You can have that today with Nim.

Nim feels like a really amazing language. There were some minor things that I wanted to do with it. Like trying to solve a codeforces question just out of mere curiosity to build something on top of it.

I felt like although it was similar to python. You can't underestimate the python's standard library features which I felt lacking. I am not sure if these were skill issues. Yes these are similar languages but I would still say that I really welcome a language like SPy too.

The funny thing is that I ended up architecting a really complicated solution to a simple problem in nim and I was proud of it and then I asked chatgpt thinking no way there can be anything simpler for it in nim and I found something that worked in 7-10 or 12* lines and my jaw dropped lol.

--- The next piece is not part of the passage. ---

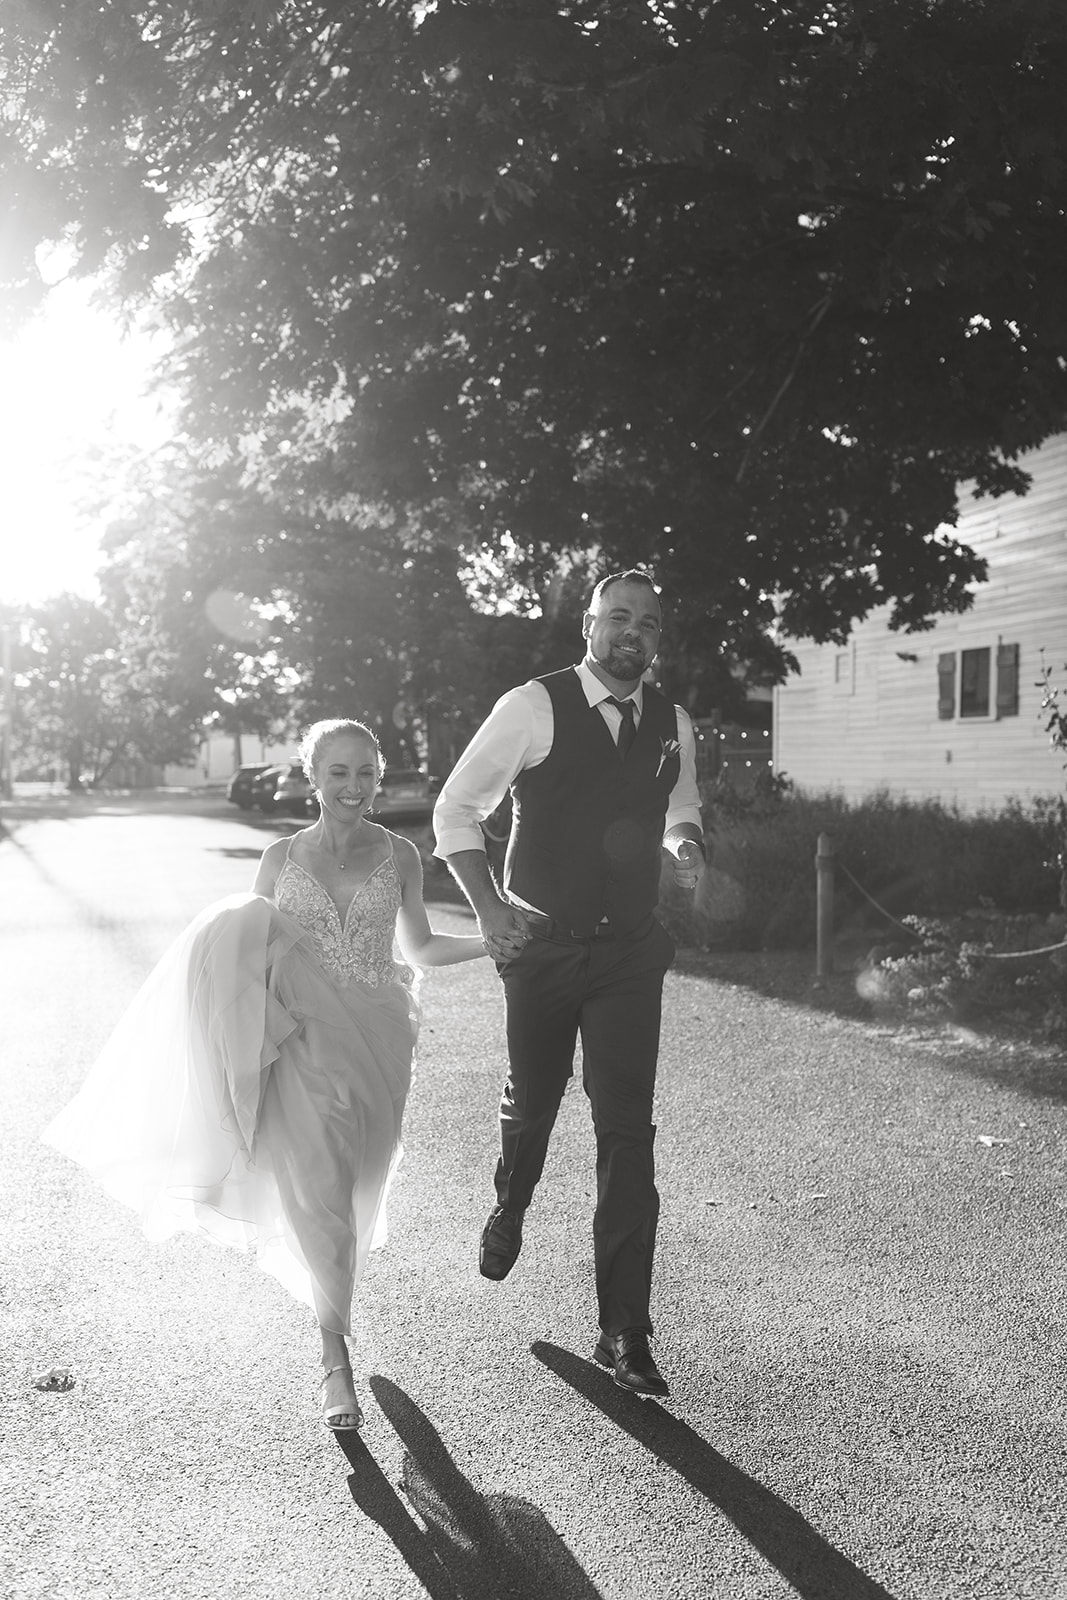 copper gables barn wedding roy washington state photographer couples poses wedding venue ideas photoshoot ideas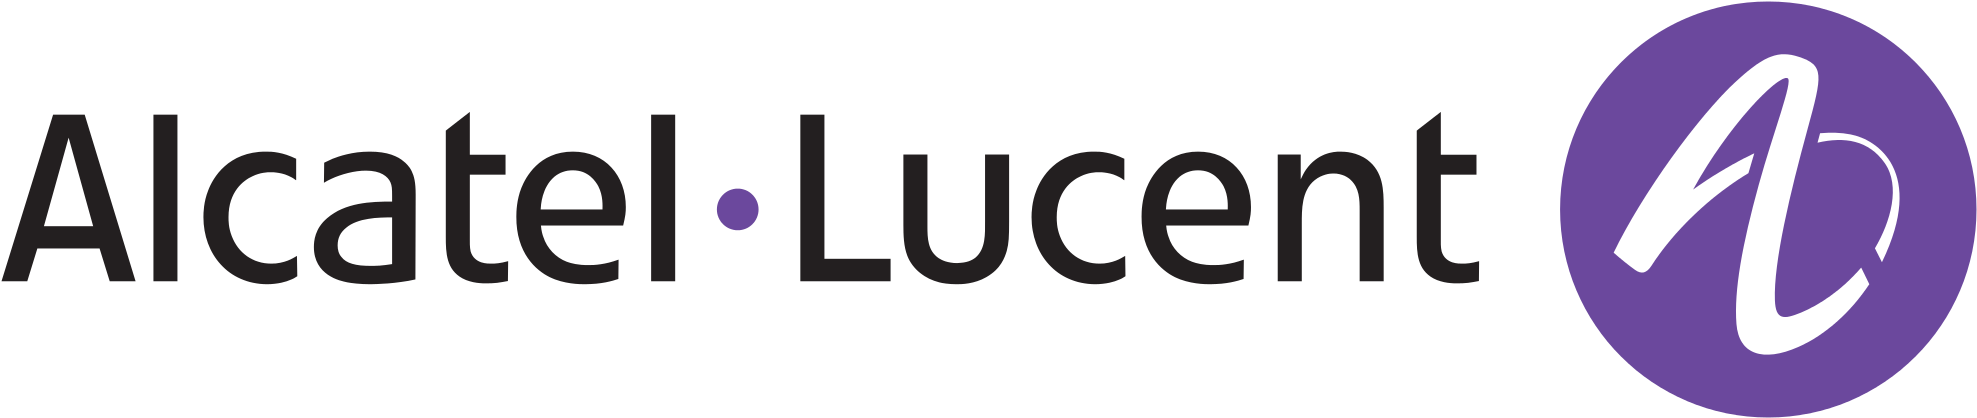 Alcatel-lucent Logo - Svg - Alcatel Submarine Networks Logo (2268x880), Png Download

Maybe chatgpt could be decent to learn nim imo or reading some nim books for sure but the packages environment etc. felt really brittle as well.

I think that there are good features of both nim and SPy and I welcome both personally.


GPT is amazing at Nim. Ive used it to find a subtle bug in a macro that’s hundreds of lines of code.

There don't seem to be great web frameworks like Flask, Django, or FastAPI for Nim.

"Great" smells very subjective. I went to https://forum.nim-lang.org/ . Put "flask" in the search box. Second hit (https://forum.nim-lang.org/search?q=flask) is this: https://forum.nim-lang.org/t/11032 . That mentions not one but 2 projects (https://github.com/HapticX/happyx & https://github.com/planety/prologue).

If either/both are not "great enough" in some particulars you want, why not raise a github issue? (Or even better look into adding said particulars yourself? This is really the main way Python grew its ecosystem.)